林月吃起来很快,但吃相不难看。她一边吃一边说:“我看了你上午跳楼。跳了六次,最后一次脚伤了吧?”
“你怎么知道?”
“我观察力好。”林月喝了口水,“而且你走路姿势不对。为什么不说?说了可以休息。”
“说了就没工开了。”周星星扒了口饭,“这行最不缺的就是替身。我倒了,马上有人顶上。”
林月看了他几秒,忽然笑了:“你倒是清醒。”
“不清醒活不下去。”
“那你觉得你能活多久?”林月问,“做这行,能熬出头的万中无一。大部分人是耗到三十岁,一身伤,然后转行。转行能做什么?保安、司机、看更。你甘心?”
周星星停下筷子:“那你呢?做记者能出头吗?”
“我?”林月挑眉,“我已经出头了。《明报》娱乐版,我有专栏。虽然写的是娱乐圈边角料,但至少有人看。”
“那你还来片场?”
“因为我想写点不一样的。”林月放下饭盒,看着他,“比如你这样的。跑龙套的,替身的,在片场最底层打滚的人。你们才是这个行业的底色,但从来没人写你们。”
周星星沉默。
“怎么样?”林月从包里掏出笔记本,“接受我采访吗?说说你为什么做这行,说说你的梦,说说……”她顿了顿,“说说你母亲那家快要倒闭的茶餐厅。”
周星星猛地抬头:“你怎么知道?”
“我说了,我观察力好。”林月合上笔记本,“昨天我去九龙城寨,想看看你住的地方。结果看见‘娟记茶餐厅’,门口贴着招租广告,店里一个客人都没有。你母亲在柜台后算账,算了很久,然后叹了口气。”

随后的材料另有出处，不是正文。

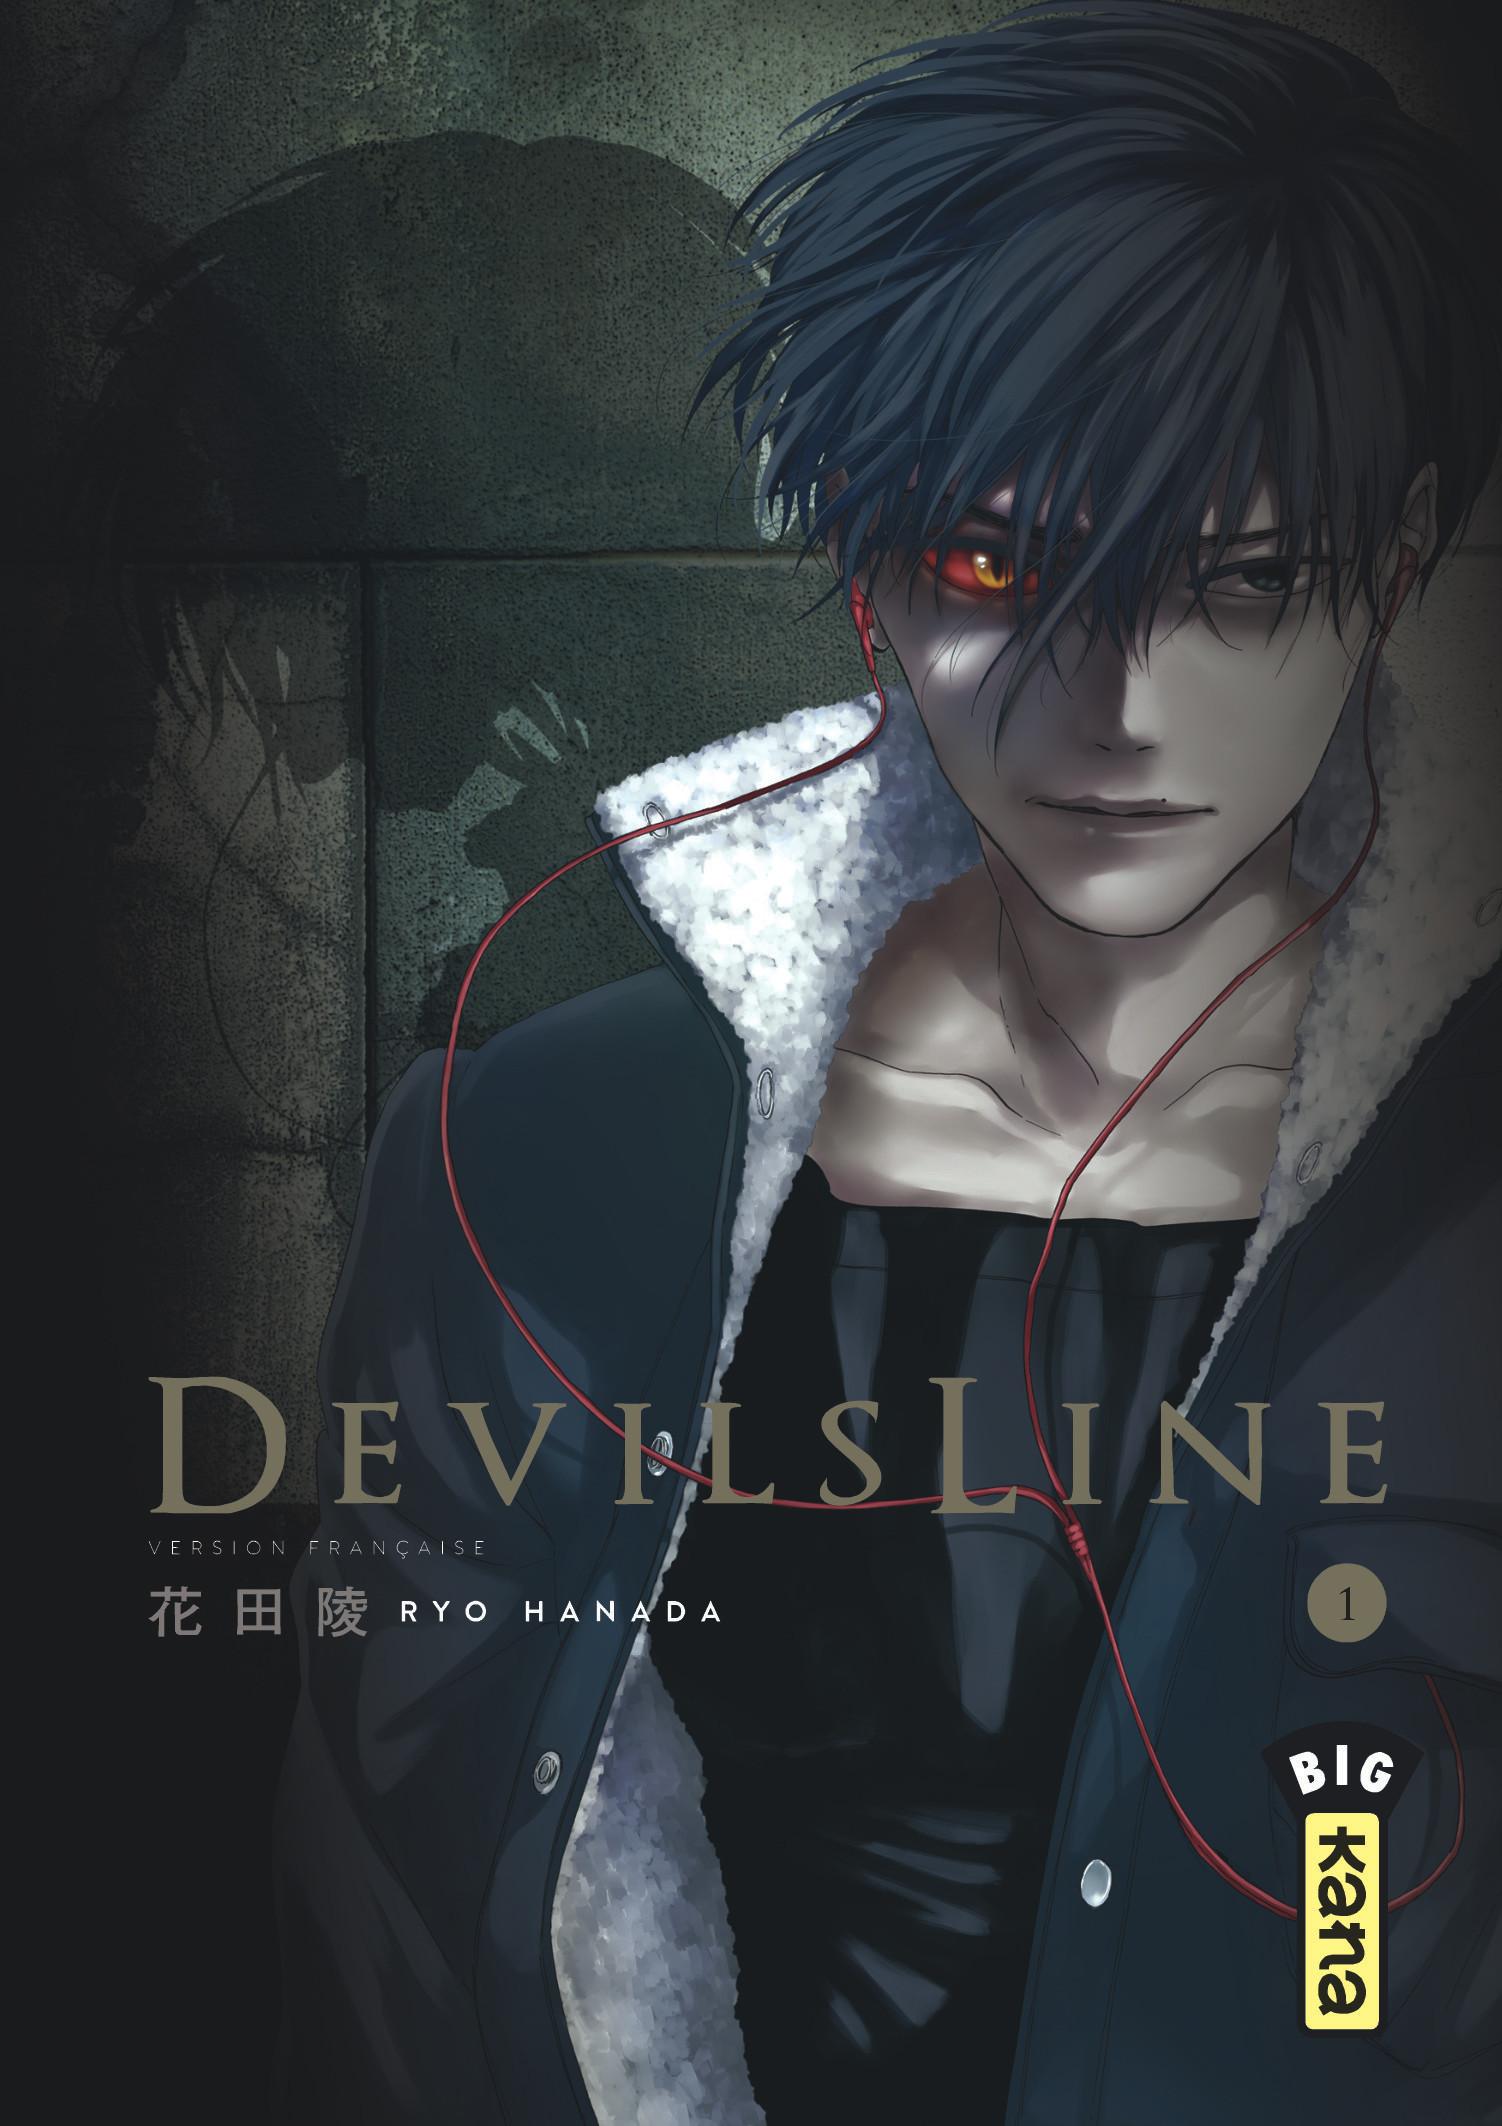 Devils Line Saison 2 Date De Sortie : devils, saison, sortie, Devilsline, Manga, Sanctuary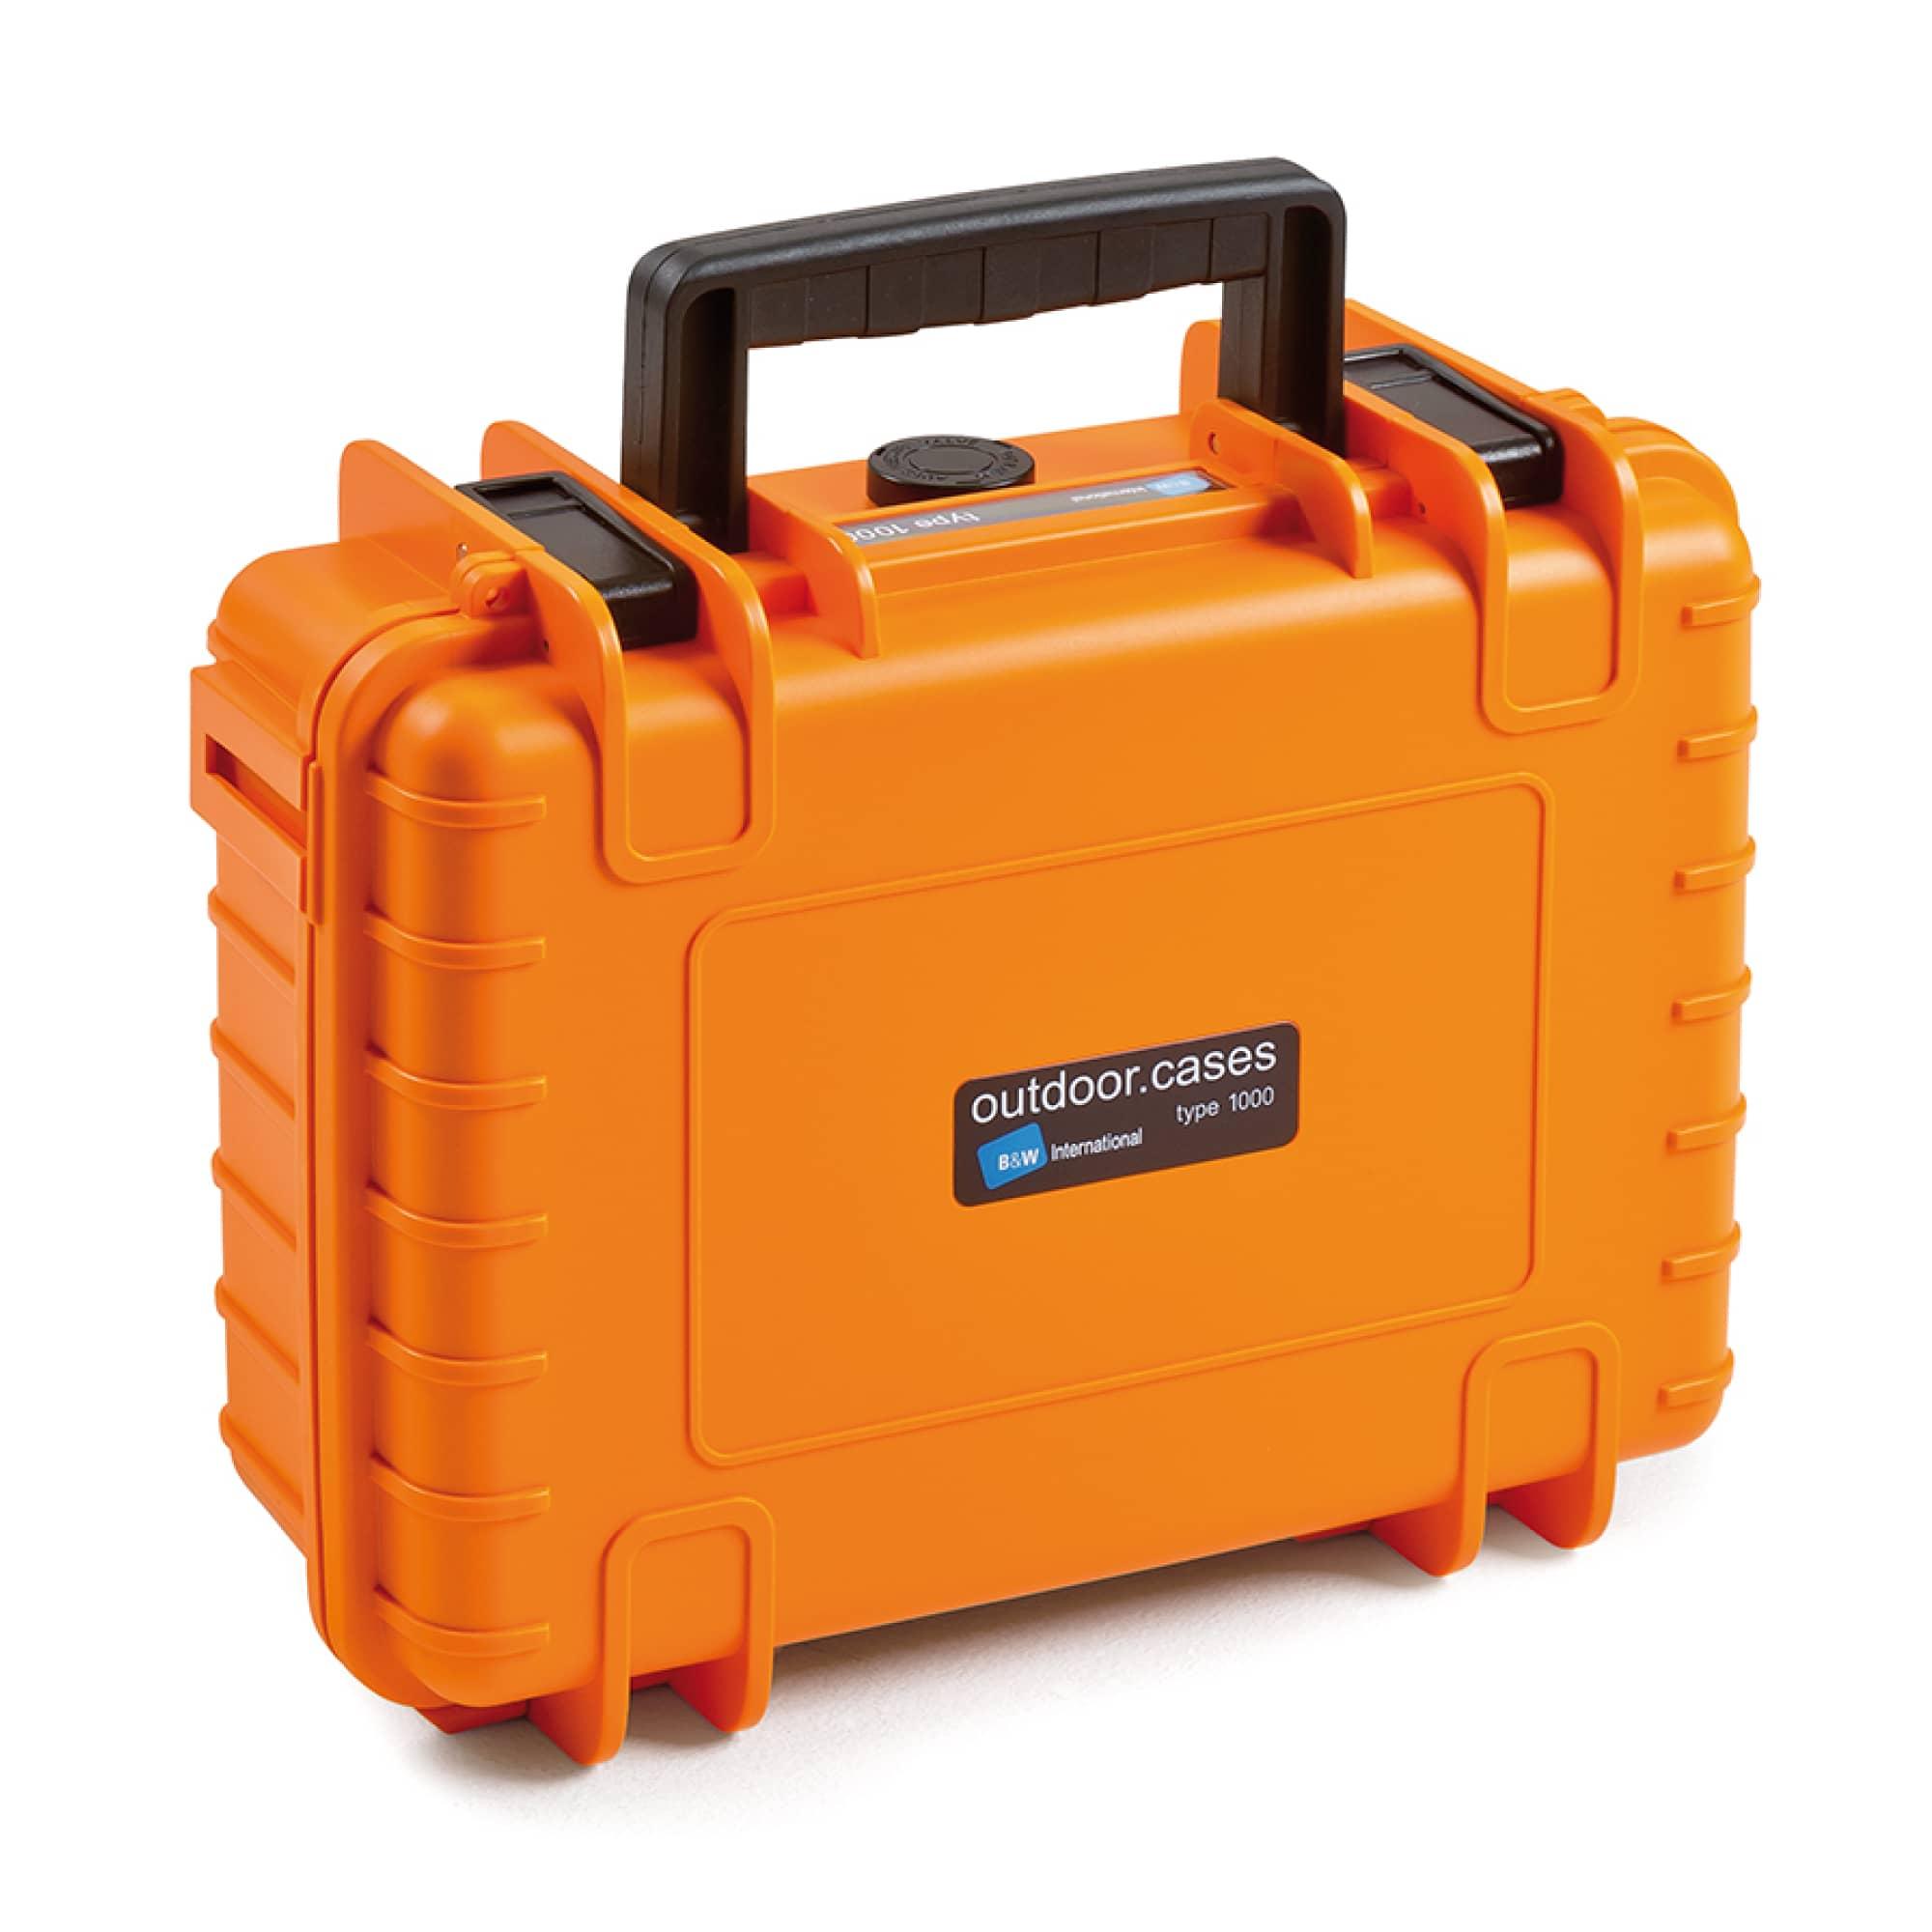 B&W Outdoor Case Typ 1000

周星星的喉咙发紧。他想起早上账本上那些红字,想起母亲合上账本时那声轻响。
“她没告诉我。”他低声说。
“父母都这样。”林月说,“报喜不报忧。但你该知道了。茶餐厅撑不过下个月,除非有转机。”
“什么转机?”
“钱。”林月说得直白,“或者,你出名,赚钱,帮她。”
周星星苦笑:“我现在跳一次楼才两百块。茶餐厅一个月铺租就要一千多,还不算水电、食材、人工。我跳多少次才够?”
“所以你要往上爬。”林月身体前倾,“做龙套没出路,做替身是拿命拼。你要做演员,做有台词的角色,做配角,做主角。只有那样,你才能救你母亲的店,救你自己的梦。”